High Tech High School is a full-time public magnet high school serving students in ninth through twelfth grades in Secaucus, in Hudson County, New Jersey, United States, operating as part of the Hudson County Schools of Technology. Since its establishment in 1991, High Tech High School has been named a Top Ten High School, a Governor's School of Excellence, a New Jersey Star School (twice) and has been cited by New Jersey Monthly magazine as one of the state's great public high schools. The school is noted for success in the sciences and in the performing arts, winning several awards in both fields.

As of the 2021–22 school year, the school had an enrollment of 1,008 students and 91.8 classroom teachers (on an FTE basis), for a student–teacher ratio of 11.0:1. There were 238 students (23.6% of enrollment) eligible for free lunch and 90 (8.9% of students) eligible for reduced-cost lunch.

History
High Tech High School was founded in 1991 by the Hudson County Schools of Technology school district to provide Hudson County residents with a quality public education in a technology-based environment, beginning with a class of 30 students when it opened.
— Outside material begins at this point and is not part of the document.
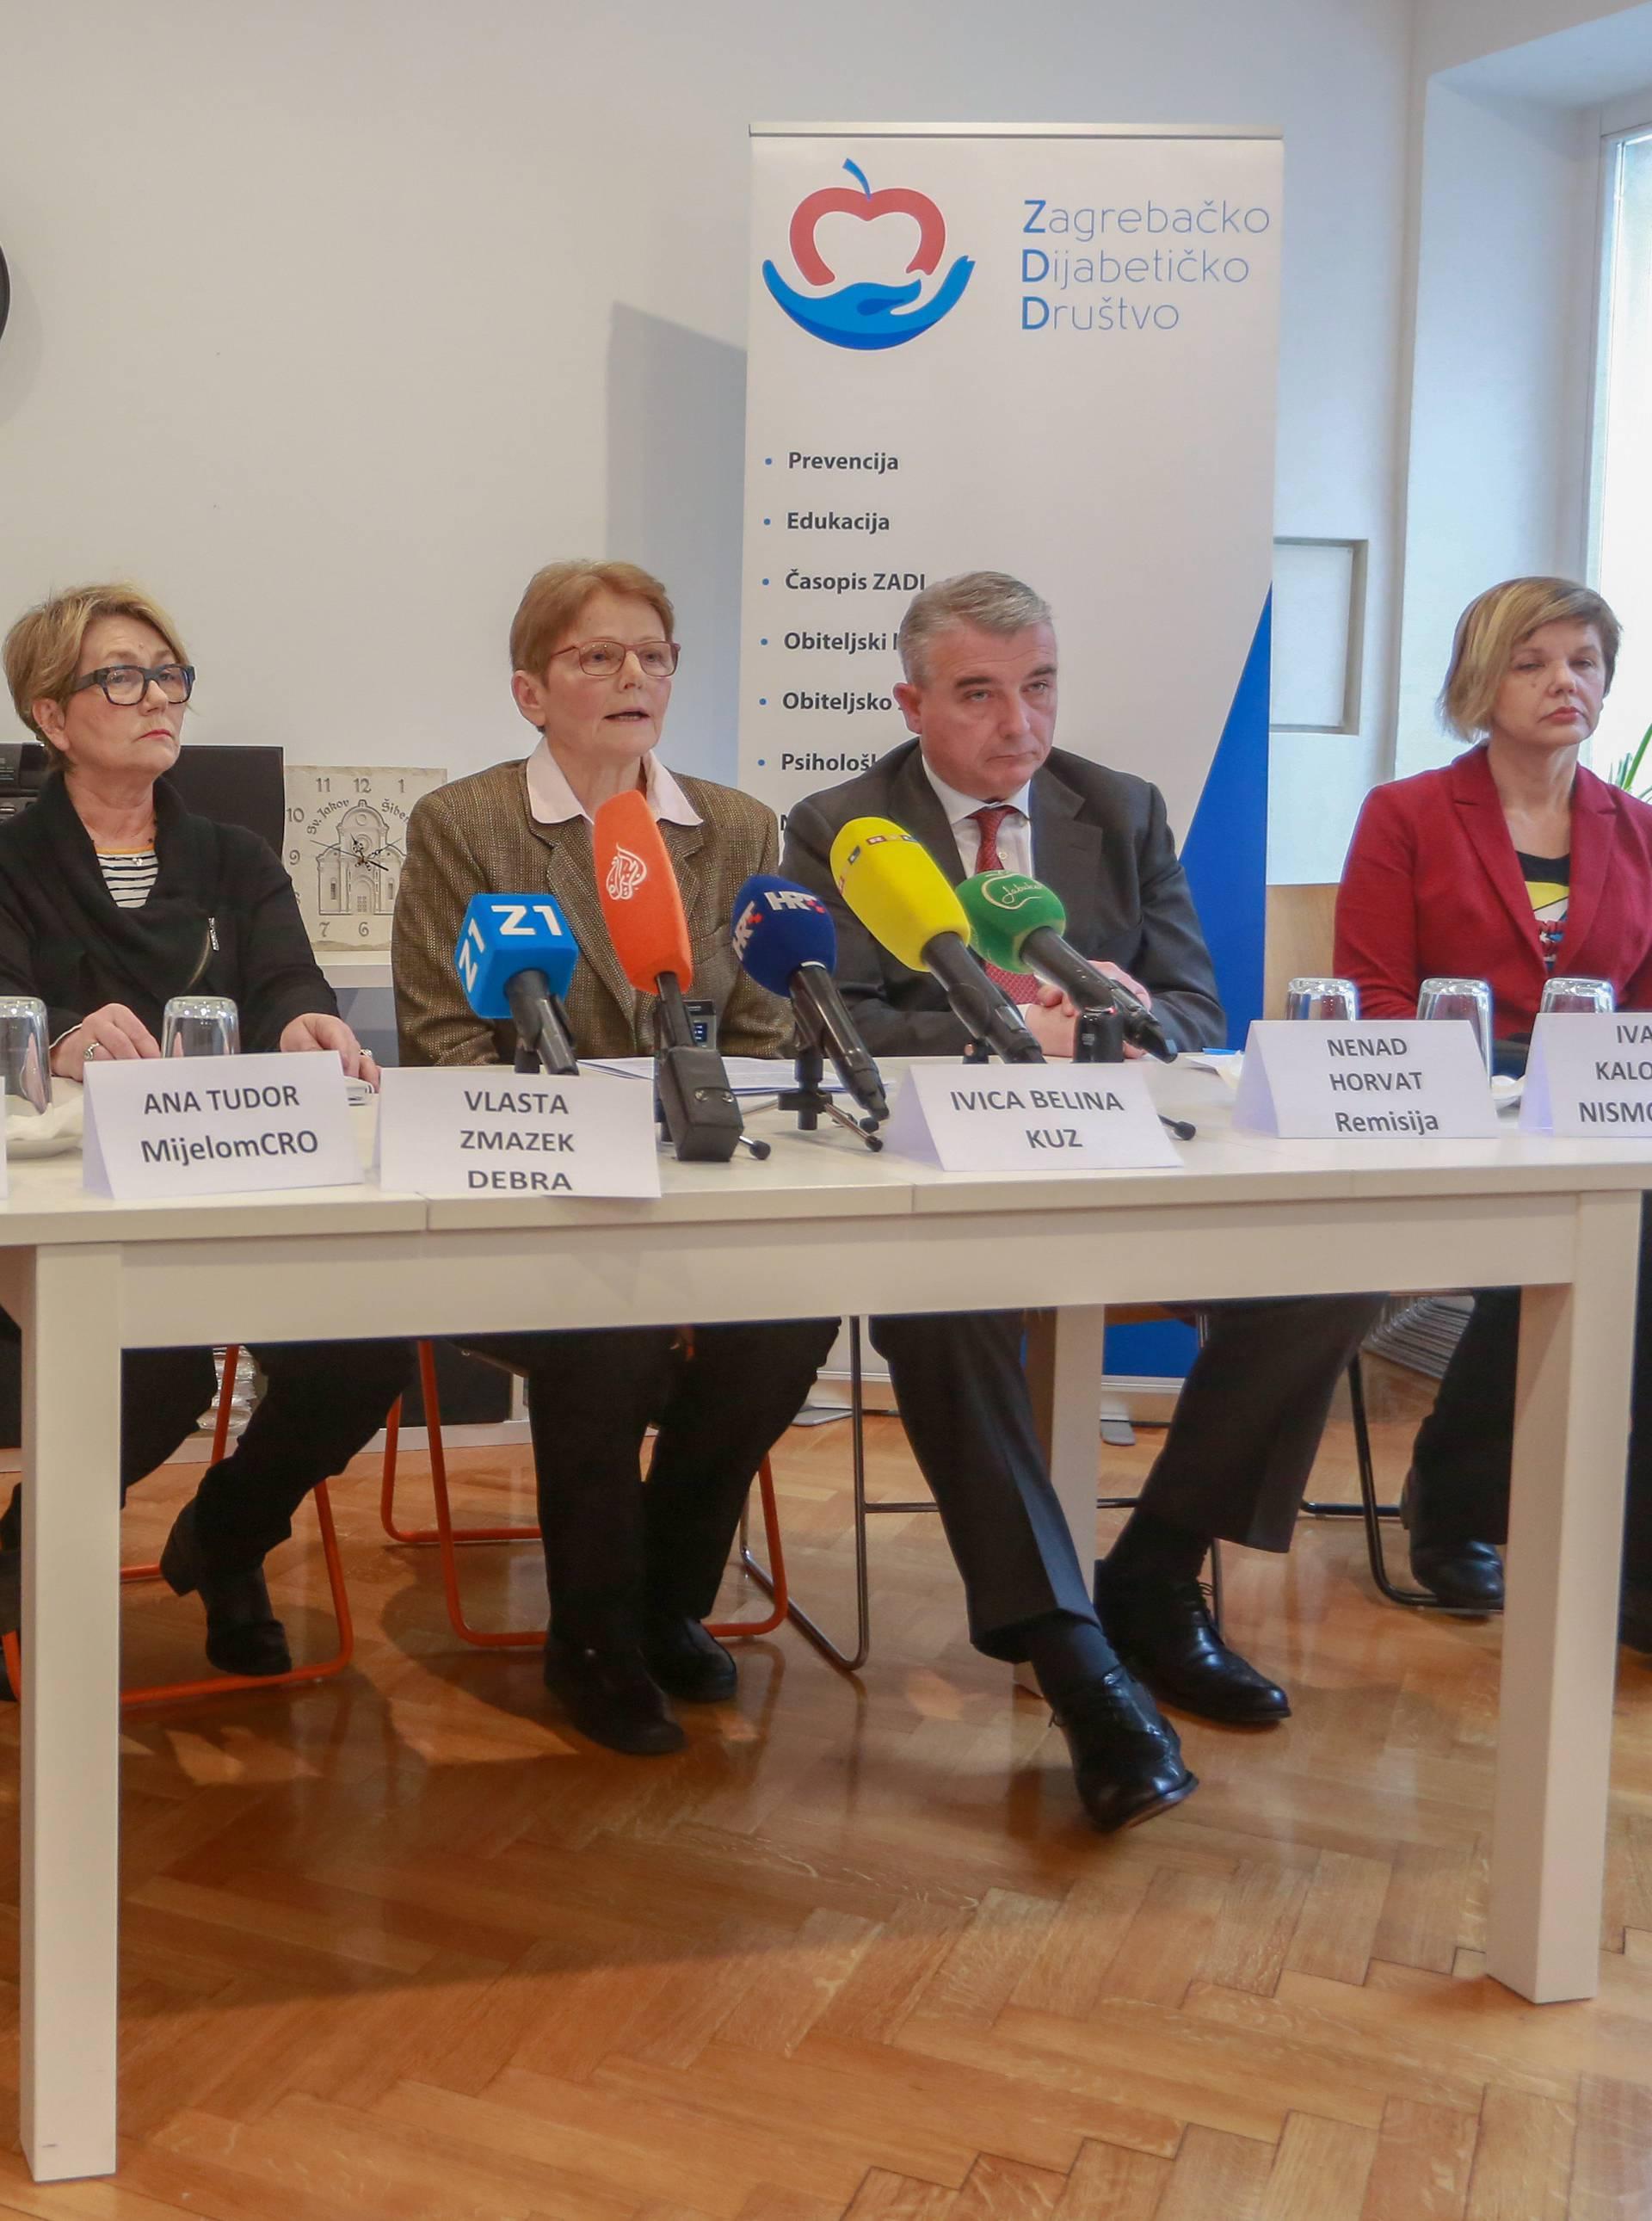 Zagreb: Udruga pacijenata održala konferenciju za medije

The school has grown to more than 1,000 students and has been able to maintain a student-to-faculty ratio of 12 to 1.

In September 2018, the school moved from its previous location in North Bergen to a newly built  school building constructed at a cost of $160 million on a  site in Secaucus. The former building was sold to North Bergen school district to become the new home of North Bergen High School.
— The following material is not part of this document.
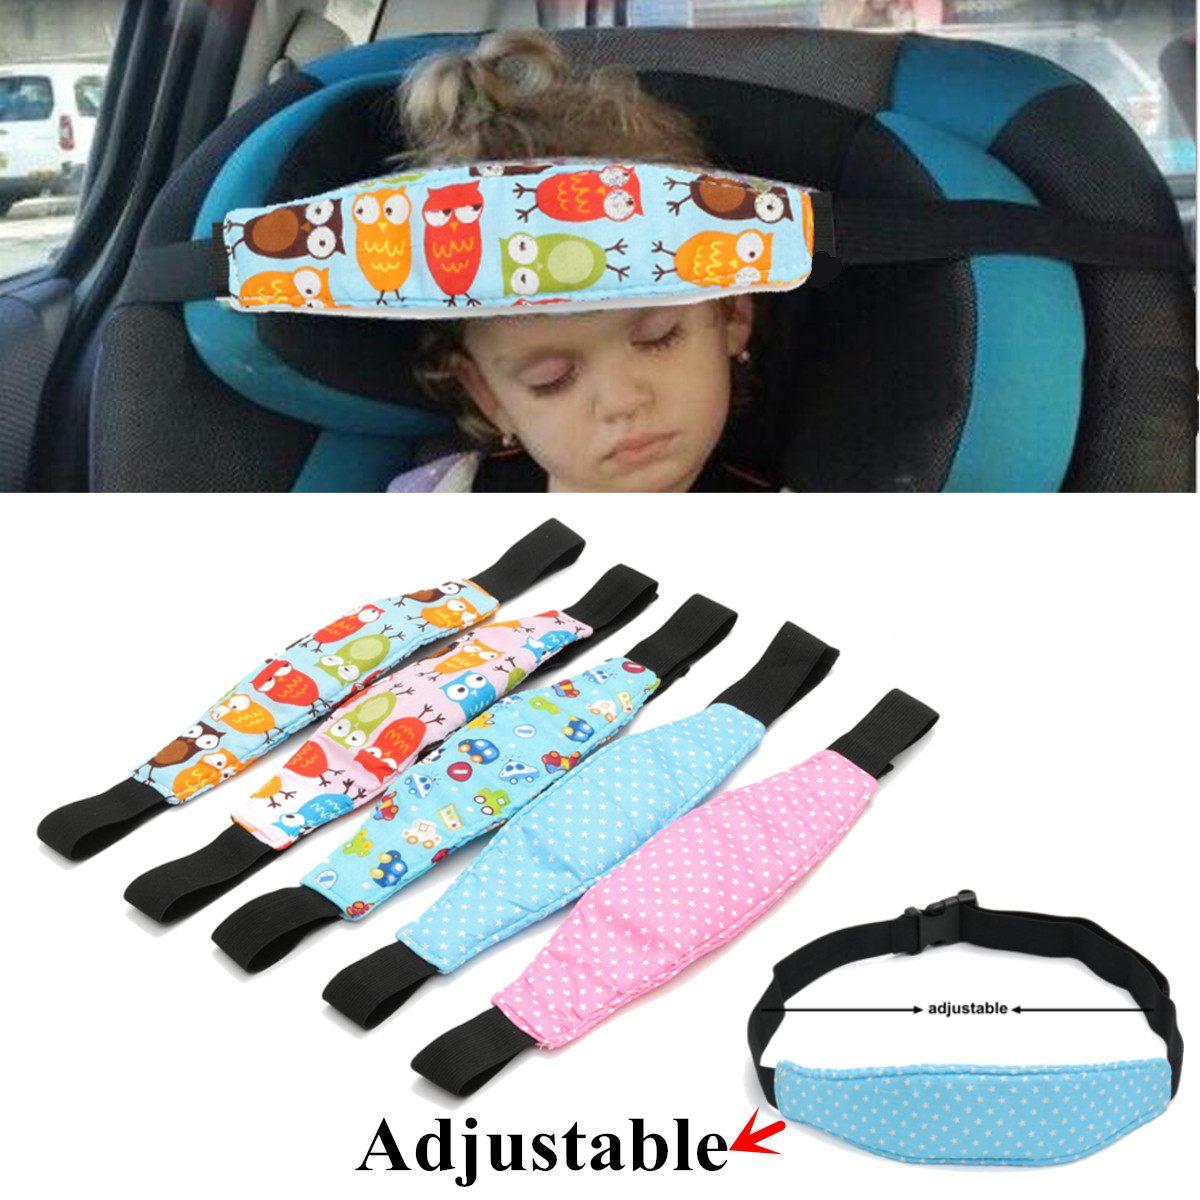 1 Pc Baby Auto Sicherheit Gürtel Auto Sitz Gürtel Schlaf Hilfe Kopf Unterstützung Für Kinder Kleinkind Auto Sitz Reise Schlaf Cutton Hilfe Kopfband Einfach Zu Verwenden

Awards, recognition, and rankings
Awards received by High Tech High School include:
Business Insider, using data from the 2015 Niche rankings, ranked High Tech High School 21st on its 2014 list of the "25 best public high school in the United States".
In September 2013, the school was one of 15 in New Jersey to be recognized by the United States Department of Education as part of the National Blue Ribbon Schools Program, an award called the "most prestigious honor in the United States' education system" and which Education Secretary Arne Duncan described as schools that "represent examples of educational excellence".
In its 2013 report on "America's Best High Schools", The Daily Beast ranked the school 436th in the nation among participating public high schools and 36th among schools in New Jersey.
Schooldigger.com ranked the school tied for 29th out of 381 public high schools statewide in its 2011 rankings (a decrease of 10 positions from the 2010 ranking) which were based on the combined percentage of students classified as proficient or above proficient on the mathematics (92.3%) and language arts literacy (100.0%) components of the High School Proficiency Assessment (HSPA).
 In the 2011 "Ranking America's High Schools" issue by The Washington Post, the school was ranked 49th in New Jersey and 1,516th nationwide.
 2003 Governor's School of Excellence
 2002 School Leader Award, NJ School Boards Association
 2001 Best High School Musical, Director, Costumes - Paper Mill Playhouse
 2000 2000 National Student Community Service Award - SkillsUSA
 1999 100 Top Wired Schools in the US by FamilyPC Magazine
 1998 New Jersey Star School by NJ Department of Education.
 1997 Flagship School for Exemplary Video Journalism by Channel One
 1996 Best Practices in World Languages by the New Jersey Department of Education
 1995 New Jersey Star School by New Jersey Department of Education.
 1995 10 Best Overall Schools in New Jersey by New Jersey Monthly Magazine
 1994 Philanthropic Corporate Award by Panasonic, Matsushita
 1993 Outstanding Program Award by NJASCD
 1992 School Leadership Exemplary Program Award by NJSBA
 1992 NJ State National Blue Ribbon Nominee, New Jersey Department of Education
 1992 School Leader Award Competition, NJ School Boards' Association
 1991 Model Parental Involvement Program Award by NJSBA

Demographics
Hudson County is the smallest of New Jersey's 21 counties. Highly urbanized and densely populated, the 2000 census ranked this area as fourth in the nation on the ethnicity index. As a regional magnet school, High Tech draws on its diverse student population from the 12 towns and cities within the county.  The average expenditure per student is $14,760 and is derived from federal, state, and county aid. High Tech High School is accredited by the New Jersey Department of Education. 43% of the student body is Hispanic, 32% is Caucasian, 16% is Asian/Pacific Islander, and 9% is African American.

Sports
The High Tech Lasercats had competed in the Hudson County Interscholastic Athletic Association (HCIAA), which includes public and private high schools in Hudson County. The league operates under the supervision of the New Jersey State Interscholastic Athletic Association (NJSIAA).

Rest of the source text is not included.